The rogue sprinted to get there before I did. He beat me to it, and looted the damned thing. For the first time since I began this experiment, I had pug rage.
“Did you seriously just sprint to get to that before I could?” I typed out indignantly in party.
“lol yeah it was epic” was his reply.
“I’d advise you not to take very much damage in this instance,” I told him grimly, seething to myself. I know that these ARE pugs so my expectations shouldn’t be too high, but I still have some naive notion that a group of people who’ve come together to accomplish a common goal may actually pretend to work together. Just for a little while. Or have some courtesy at all.
In an act I’m not exactly proud of, I was vindictive enough to actually barely heal him the rest of the instance. I say “barely” for a few reasons. One, I’ve always had a hard time letting a health bar drop when I know I could redeem it. I wouldn’t play a healer if I didn’t have an instinct to heal. So I may have healed him just a little bit. But he never got close to dying anyhow. I don’t remember much of the rest of the pug, except that at the end we ended up killing trash so the rest of the party could finish their robot guts quest. And there were about 50 extra mailboxes so there would’ve been enough for us all regardless – but it’s the principle of the thing!

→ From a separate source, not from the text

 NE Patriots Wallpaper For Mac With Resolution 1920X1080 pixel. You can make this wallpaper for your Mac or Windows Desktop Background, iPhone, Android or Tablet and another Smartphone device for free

The next night found me back in Gnomeregan. This time… fewer people knew what they were doing, or where they were going. It did include the experience of seeing someone standing next to an active explosive (the trogg caves) and not moving. In other news, fire is still hot! I wondered if it would outright kill her… it did. (In case you think I’m a complete jerk, I’d just had time to move myself, it’s not that I stood there watching and let her die in cold blood without warning or anything. Unless you don’t count an NPC yelling something like, “Get away from there, it’s going to blow!” as warning. In which case, she had no warning.)
This pug suffered from the opposite problem the other one did. Its players didn’t know where they were going, had only a vague idea what they were doing (and I include myself here) but they were so nice. I couldn’t desert them.

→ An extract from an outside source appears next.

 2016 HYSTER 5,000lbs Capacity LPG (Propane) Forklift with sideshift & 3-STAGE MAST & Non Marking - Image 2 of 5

We were in there 2.5 hours. At first it was a little joke in guild. “Hey, anybody want to run some random heroics? Oh, you’re in Gnomer, nevermind, we’ll see you in three hours.” As each hour ticked by, it became less amusing. We occupied ourselves by jumping from great heights, fighting interminable trash packs, and talking in party chat about things like why the mage wasn’t doing any DPS.
“You should try casting fireball instead of frostbolt,” our sage tank advised. Of course, my main is a mage, so I have to check this out. I just assumed the mage was frost – for leveling. The mage… had spent four talent points in frost. The other 17? Unspent.
“You have 17 unspent talent points!” I twitched, “You should spend those!”
“I haven’t decided what kind of mage I want to be,” he said.
(One of my guildies suggested, “How about one that does damage?”)
I tried to talk him into spending his points in Frost on the spot (You could spend them right now! You, too, could actually be damaging things in this instance and keep us from spending 2.5 hours here!) but he would not be rushed. “I’ll think about it,” he said.
I’ll think about it too, every time I remember running in circles in that underground hell. But I set myself a goal; leveling, pugging, randomly. I’m pretty sure I haven’t seen the last of Gnomer.